Business

Alarm

Power consumption will be cut for oil and fat producers

Power consumption will be cut for oil and fat producers
Oil and fat companies might miss the season
Photo: Konstantin Melnitsky

The Ukroliyaprom Association asks the government to lift restrictions on consumption of electricity at oil extraction plants, according to its CEO Stepan Kapshuk. He said last week the oblenergos (regional power distribution companies) sent letters to companies processing sunflower demanding to limit power consumption by 10 — 30% over the period of August 11 — 31 with a loss of capacity in the power network. Capital has the corresponding documents at its disposal. The press service of Odesaoblenergo explained that such energy saving was initiated by the Ministry of Energy and Coal Industry and Ukrenergo. These requirements will apply not only to oil processing companies but also to all major consumers of electricity. The reason for the saving mode is the lack of coal for production of thermal energy.
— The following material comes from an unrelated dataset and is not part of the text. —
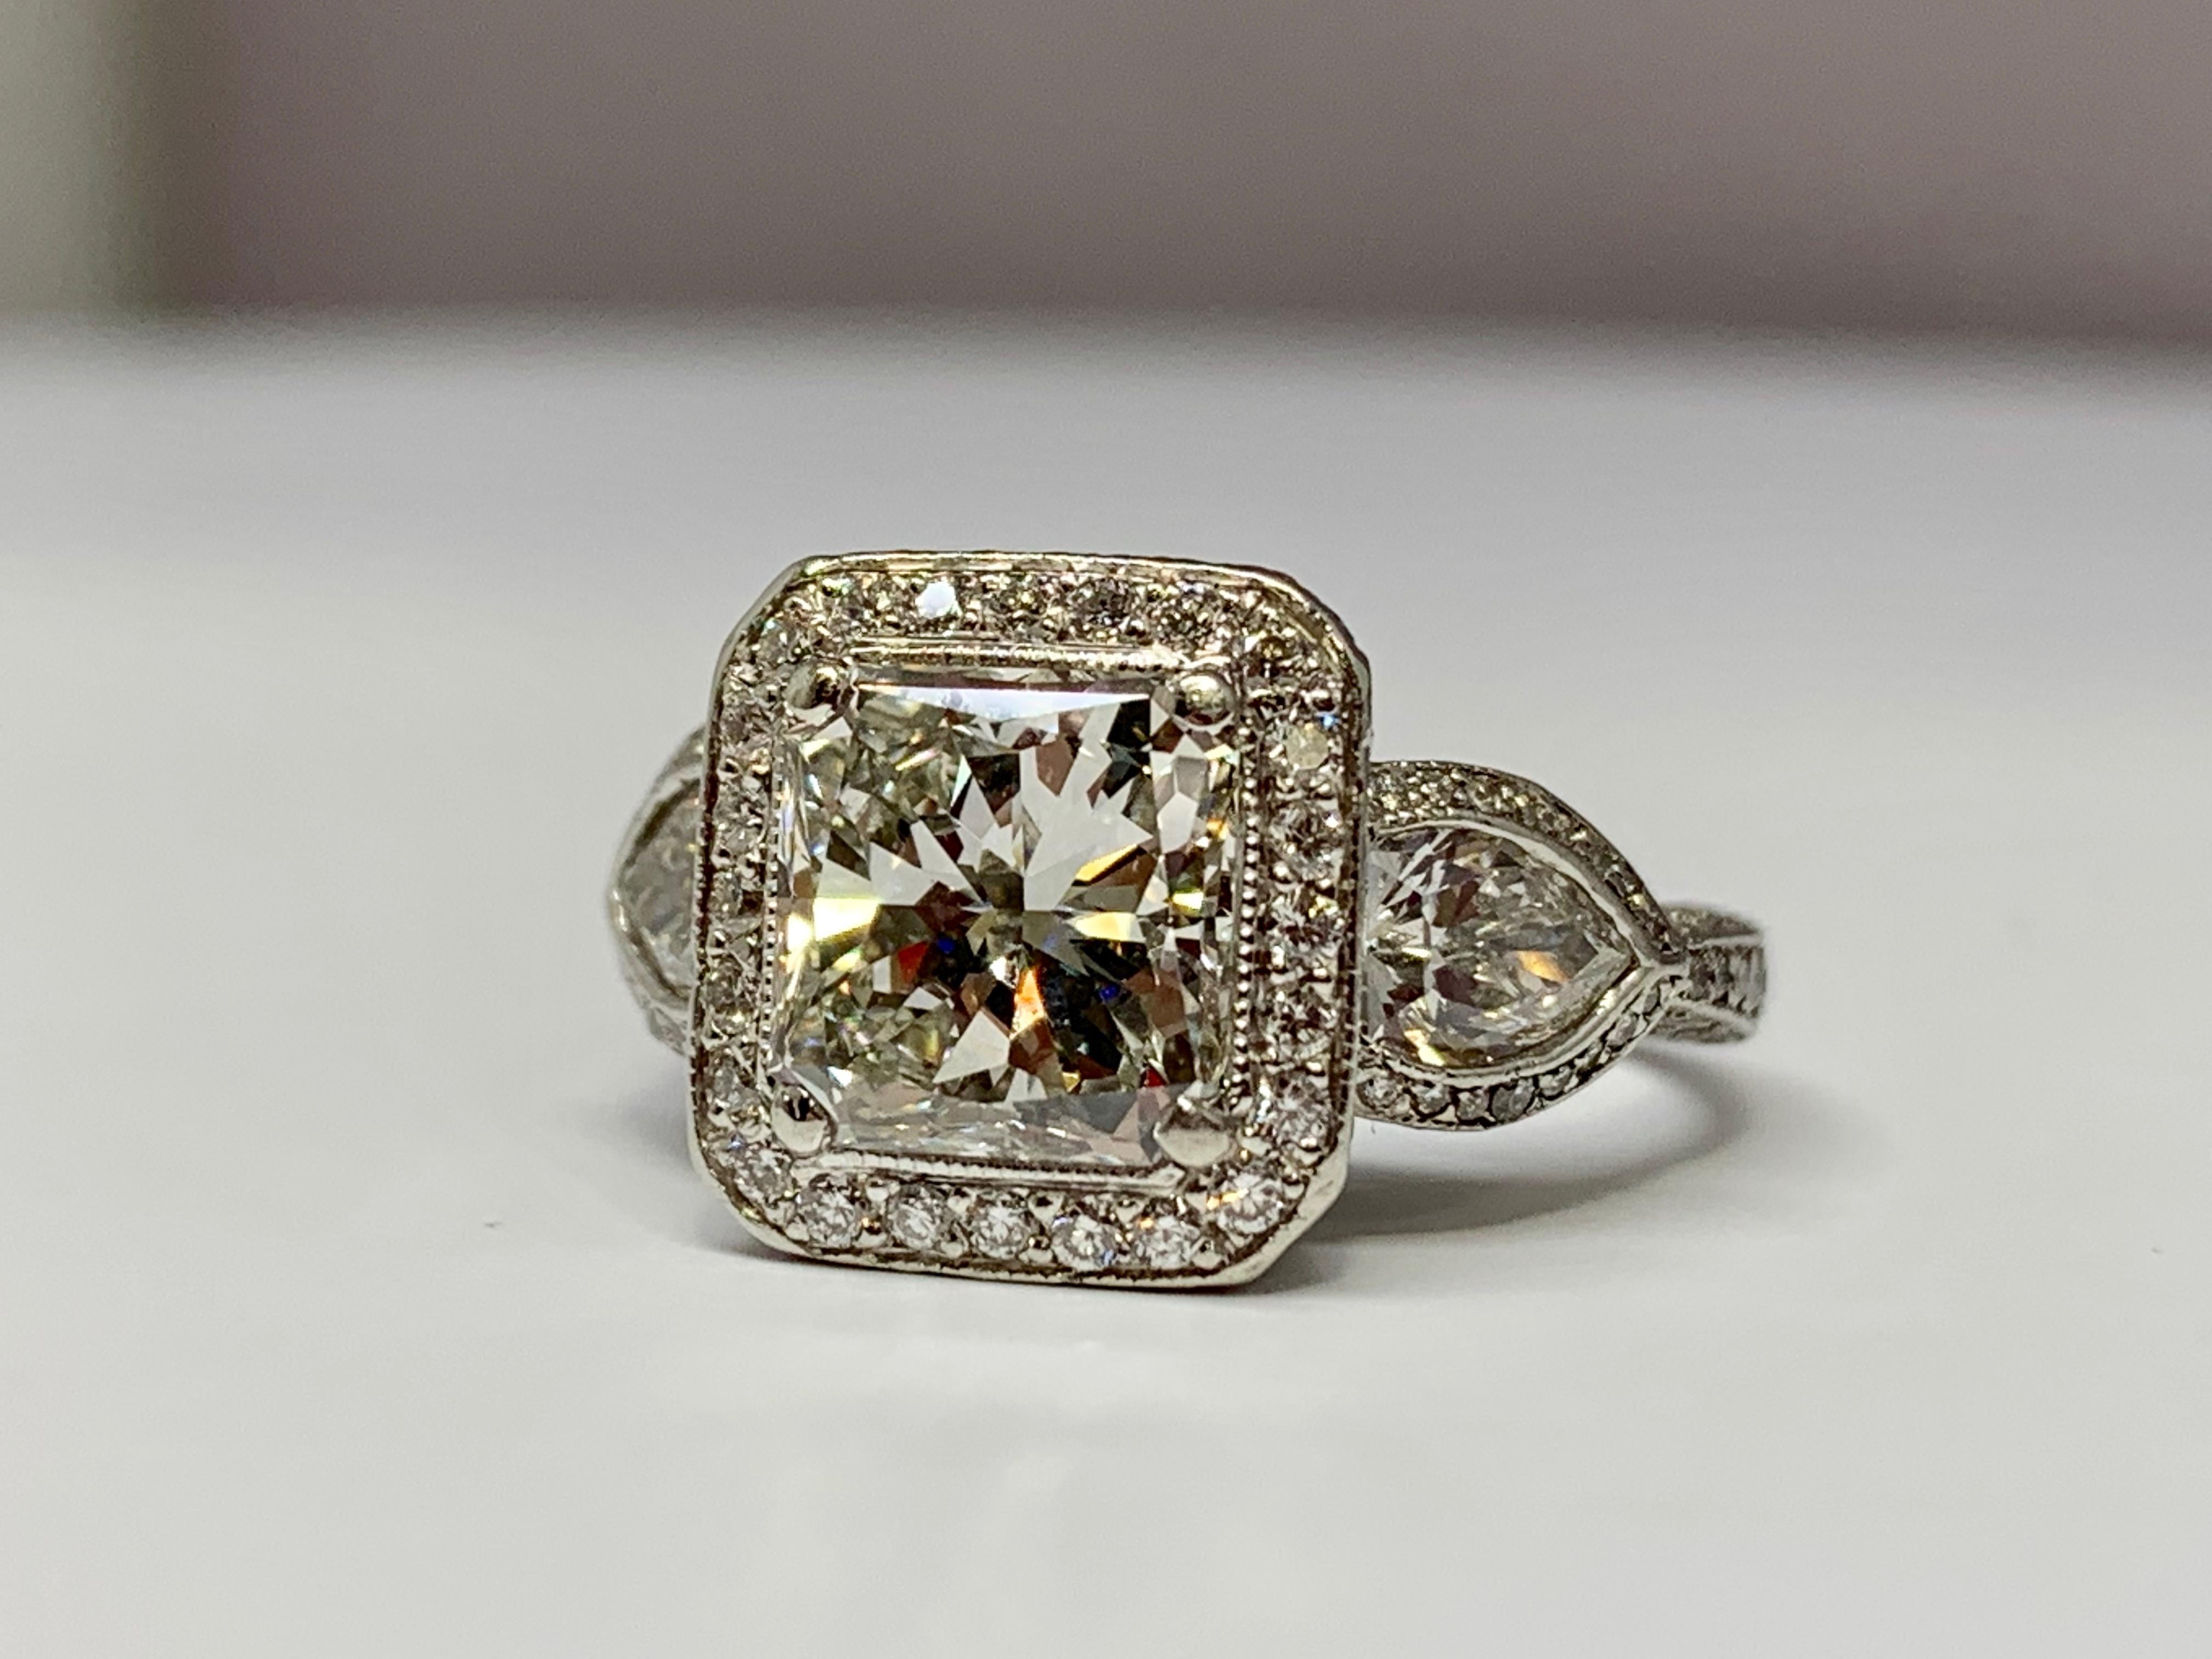 This breathtaking platinum three stone ring designed by JB Star holds a gorgeous center radiant-cut diamond weighing 2.10 carats. The quality of the center stone is approximately H/VS1. The mounting hold a total diamond weight of 1.60 carats,

According to the Ministry of Energy, last month the amount of extracted coal dropped by 21.6% — to 5.58 mn t due to the military operations in the Donbas region. 30 — 35 mines have been shut down in the ATO zone. In July miners extracted 315,000 t of solid fuel below the target.
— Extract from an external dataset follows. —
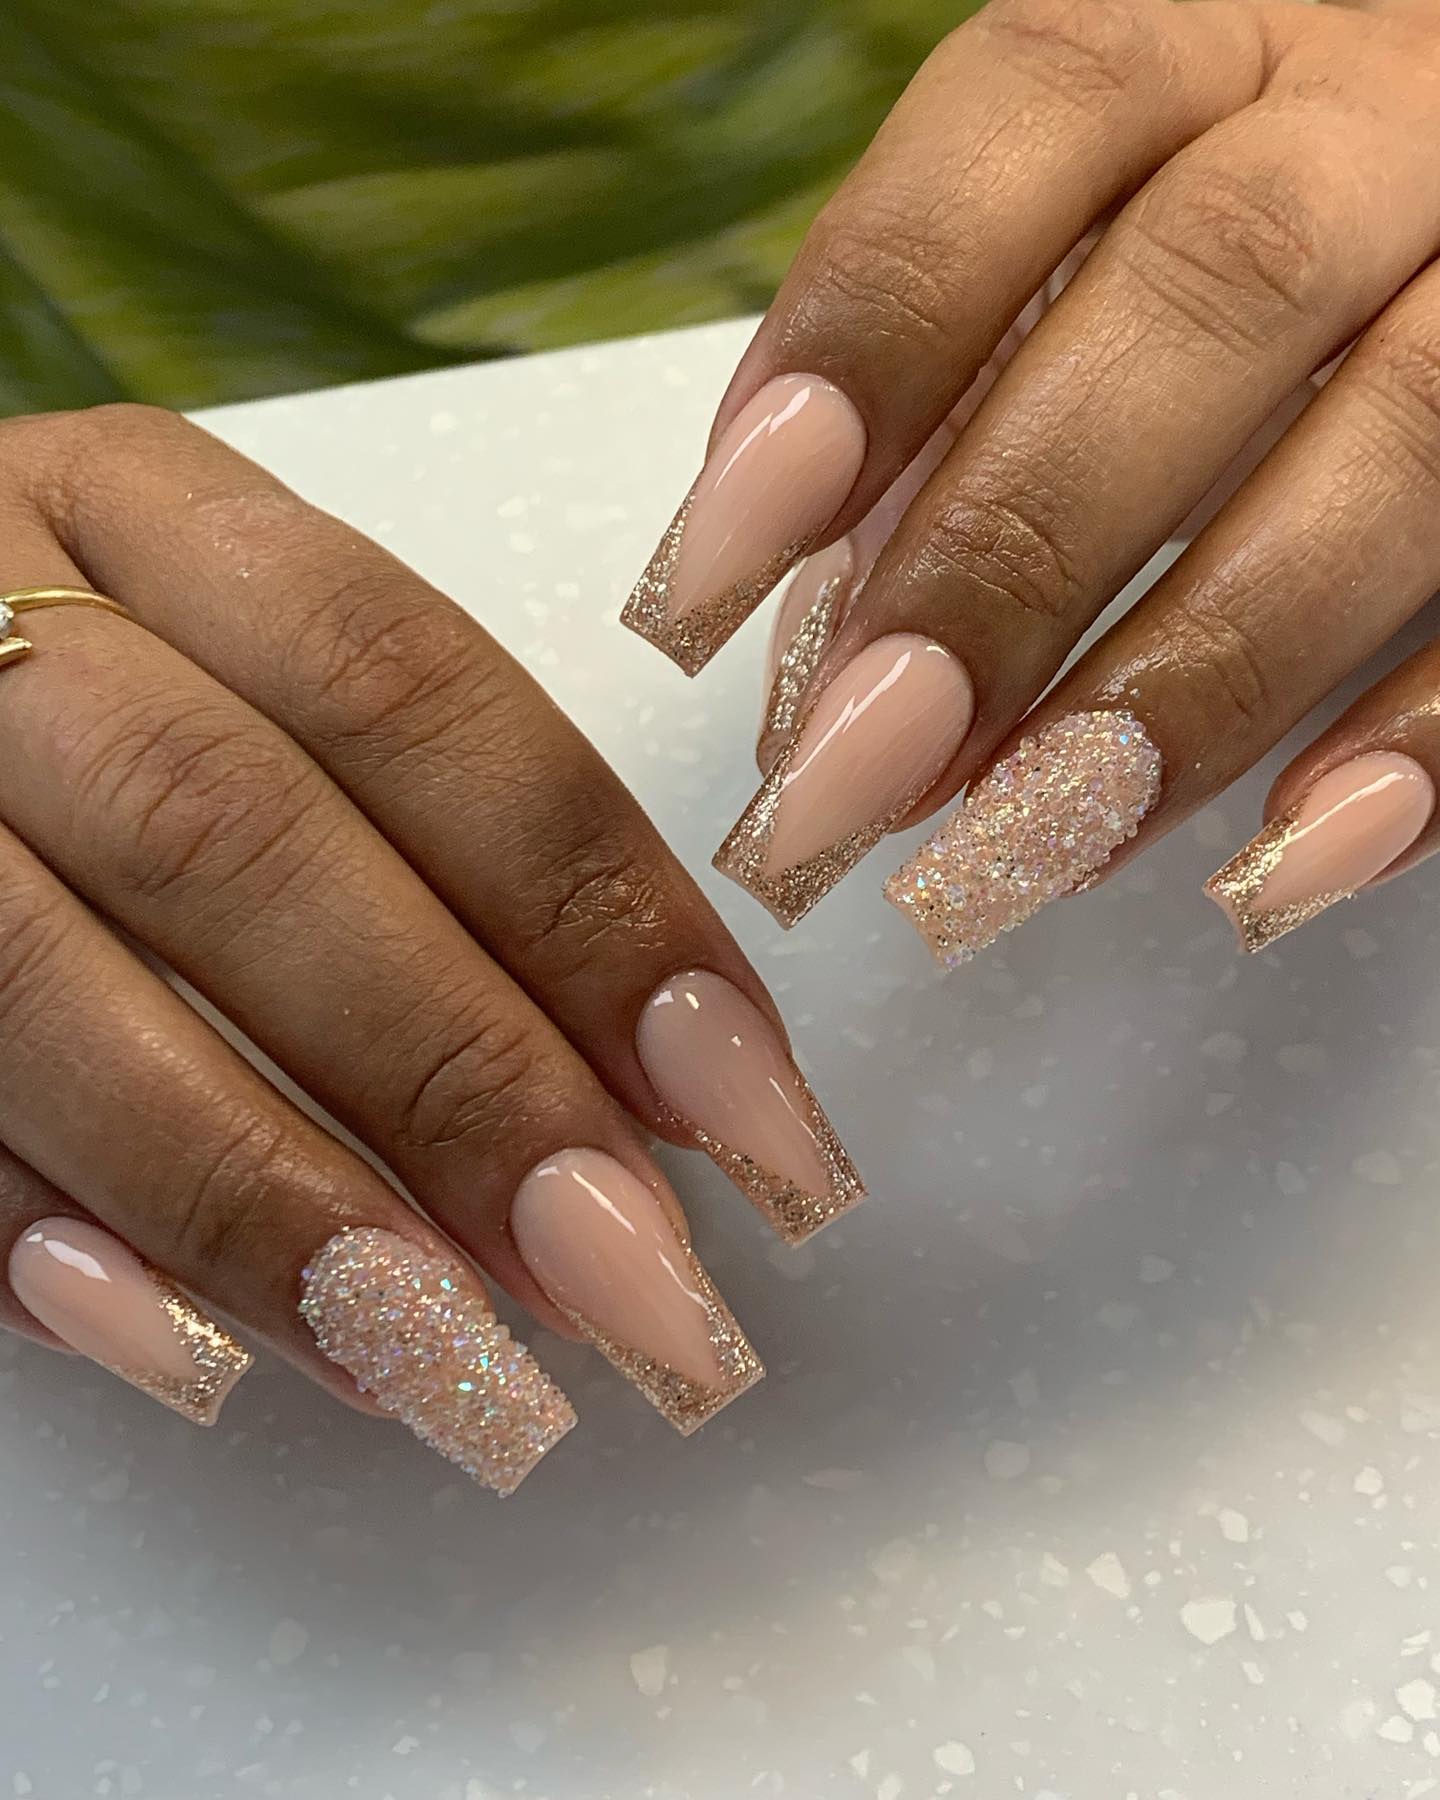 Cute glitter and nude nails such as these will look the best on women who enjoy elegance and nude shades.

«We addressed Premier Arseniy Yatsenyuk, Vice Premier Volodymyr Groisman, Energy Minister Yuriy Prodan, Minister of Agrarian Policy Ihor Shvaika, Chairman of the National Commission for State Regulation in the Energy Sector Serhiy Titenko and CEO of the Employers Federation Ruslan Ilyichev asking to cancel the limitation of daily consumption of electric power and limitation of capacity for oil processing companies,» says Kapshuk.

Processors are indignant

The Poltava Oil Extraction Plant, which is a part of the Kernel Group, was set a daily consumption of power at the rate of 40,000 kWh. Smooth operation of the enterprise requires 85,000 kWh daily, says the letter from the Kernel Group to Ukroliyaprom. «Reduction of energy consumption at our company is technically impossible, because production is based on a closed loop cycle that cannot be interrupted, because the production line is continuous and the operation mode is round-the-clock,» says Director of the Poltava Oil Extraction Plant Serhiy Danylchenko. He notes that an attempt to change the process would increase the likelihood of an emergency situation, which could result in a fire or an explosion.

For the Kirovohrad enterprise Gradoliya power consumption was reduced by 1,600 kWh per day. Its director Volodymyr Umrykhin warns that it will stop the plant and create difficulties in signing export contracts and settling accounts for loan obligations. The fixed limits are sufficient for the Creative PJSC for now, because currently preventive maintenance is being performed at two OEPs, so they are temporarily not operating, says Chairman of the Board of Directors of the company Yuriy Davydov.

Staying ahead

Ukroliyaprom raised the alarm in advance, says General Director of the Ukrainian Agribusiness Club Association Volodymyr Lapa. «The peak of processing accounts for September. If enterprises agree to such terms now, in September the reduction of limits could be extended,» he says.

Limitation of power consumption by agrarians could be revised because it is a strategic sector of the Ukrainian economy, says Lapa. Earlier, the government made a decision on full provision of agrarians with natural gas.

Director of ProAgro Communications Company Mykola Vernytskiy believes that transition to alternative energy sources may be the way out of this situation. «Pellets are sold, while foreign energy is consumed, because it is cheaper,» says the expert. Davydov notes that Creative’s factories have already introduced such technologies: the group covers 70 — 75% of its energy needs by burning pellets.

In case of the extension of power limits, says Kapshuk, oil processing companies will have to abandon export contracts which they will not be able to execute because of the down time. According to Ukroliyaprom, the oil and fat industry brings the country close to US $300 mn in foreign exchange earnings every month. According to the State Statistics Service, during the first seven months of this year Ukraine exported sunflower oil to the amount of US $2.24 bn.

Kapshuk says that currently there are 47 oil-extracting enterprises in Ukraine, 3 — 4 of which will not work, because they are located close to the ATO zone.